The doctors also had to be capable of performing emergency surgery to stop excess bleeding and an abortion procedure if the drug didn’t end the pregnancy.

Over the years, the FDA reaffirmed mifepristone’s safety and repeatedly eased restrictions, culminating in a 2021 decision doing away with any in-person requirements and allowing the pill to be sent through the mail.

Abortion opponents say the more lax restrictions resulted in many more “emergency complications.” But that argument lumps together women experiencing a range of issues with mifepristone — from the drug not working to people who may simply have questions or concerns but don’t require medical care.

OB-GYNs say a tiny fraction of patients suffer “major” or “serious” adverse events after taking mifepristone.
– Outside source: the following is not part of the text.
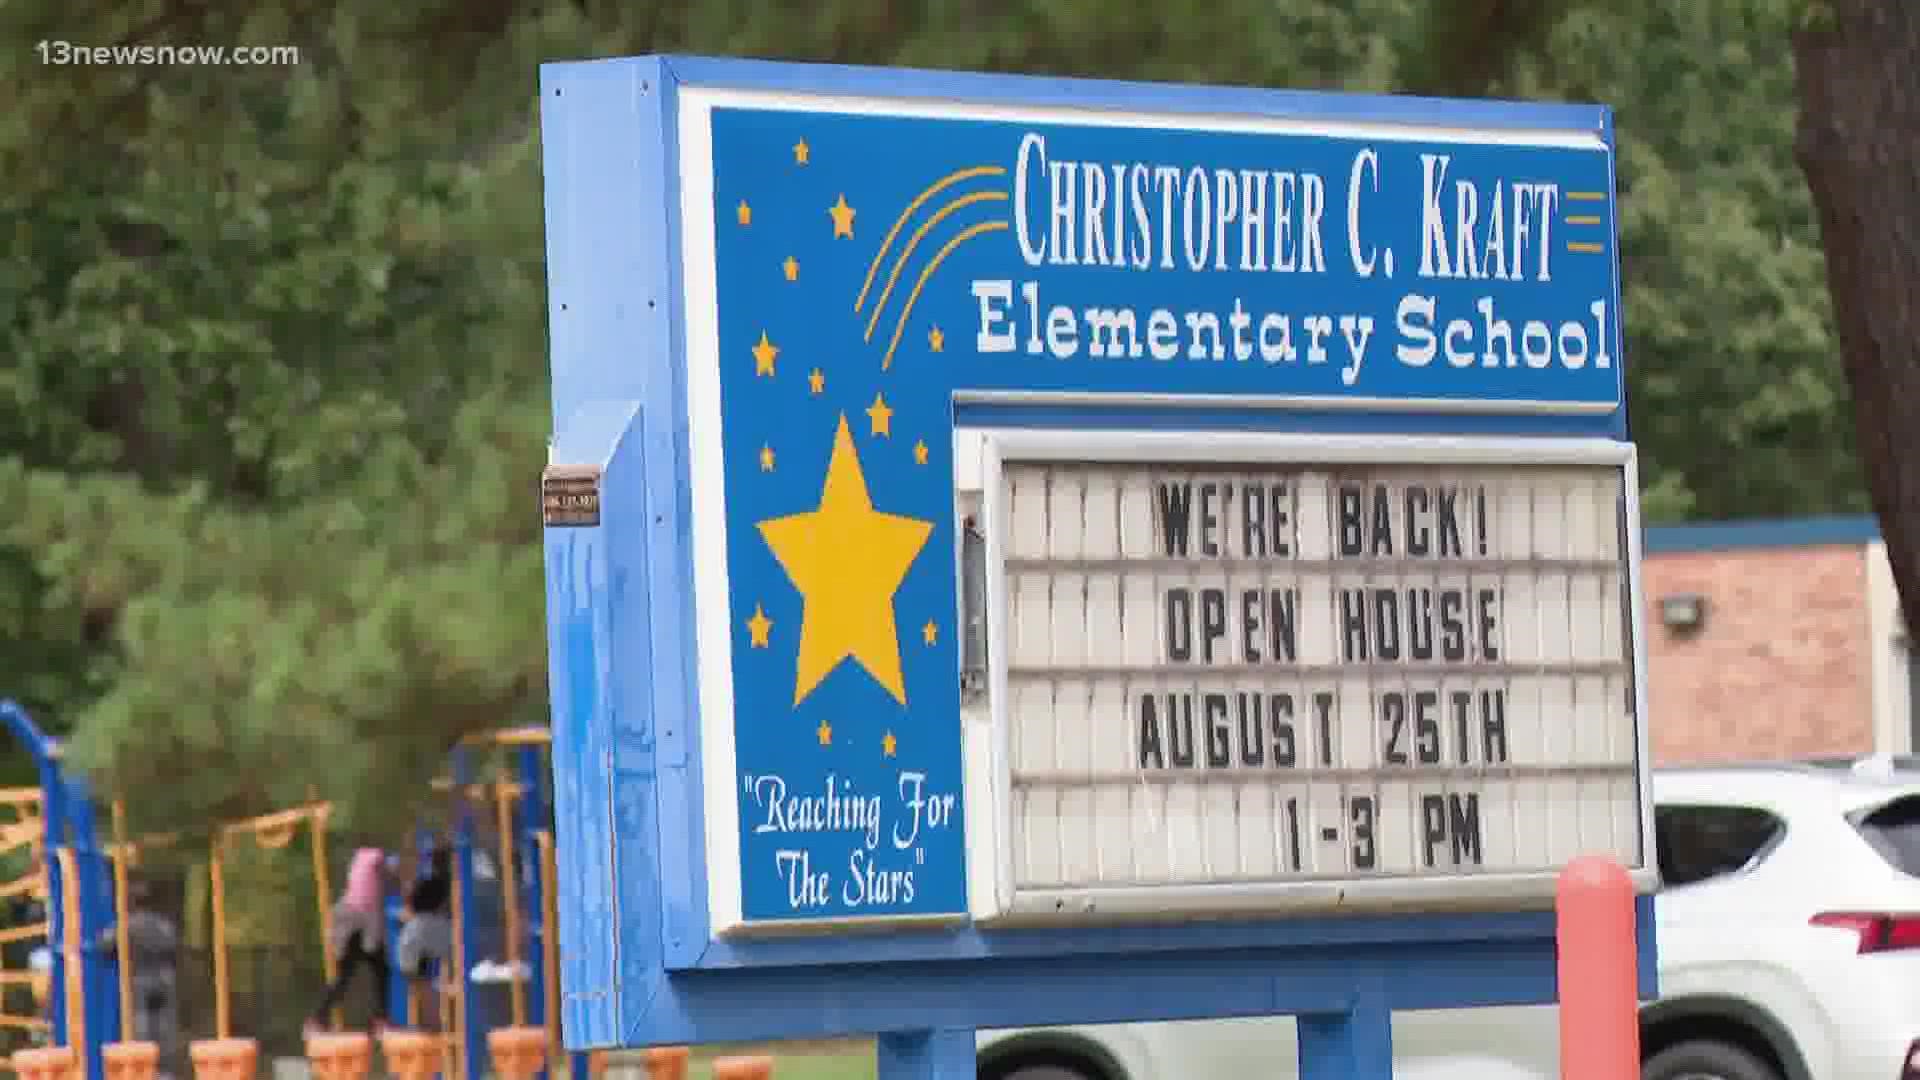 Hampton police said they caught four young girls vandalizing Christopher C. Kraft Elementary School. They ranged in ages 7 to 12.

A legal brief by a group of medical organizations including the American College of Obstetricians and Gynecologists says: “When used in medication abortion, major adverse events — significant infection, excessive blood loss, or hospitalization — occur in less than 0.32% of patients, according to a highly regarded study with more than 50,000 patients.”

The definition that scientists generally use for serious adverse events includes blood transfusions, major surgery, hospital admissions and death, said Ushma Upadhyay, one of the authors of that 2015 study. She added: “The hospital admission is a catch-all for the very serious but more rare events such as major infection.”

The prescribing information included in the packaging for mifepristone tablets lists slightly different statistics for what it calls “serious adverse reactions.” It cites ranges for how frequently various complications occur: 0.03% to 0.5% for transfusion; 0.2% for sepsis and 0.04% to 0.6% for hospitalization related to medication abortions. The ranges reflect findings across various relevant studies, experts said.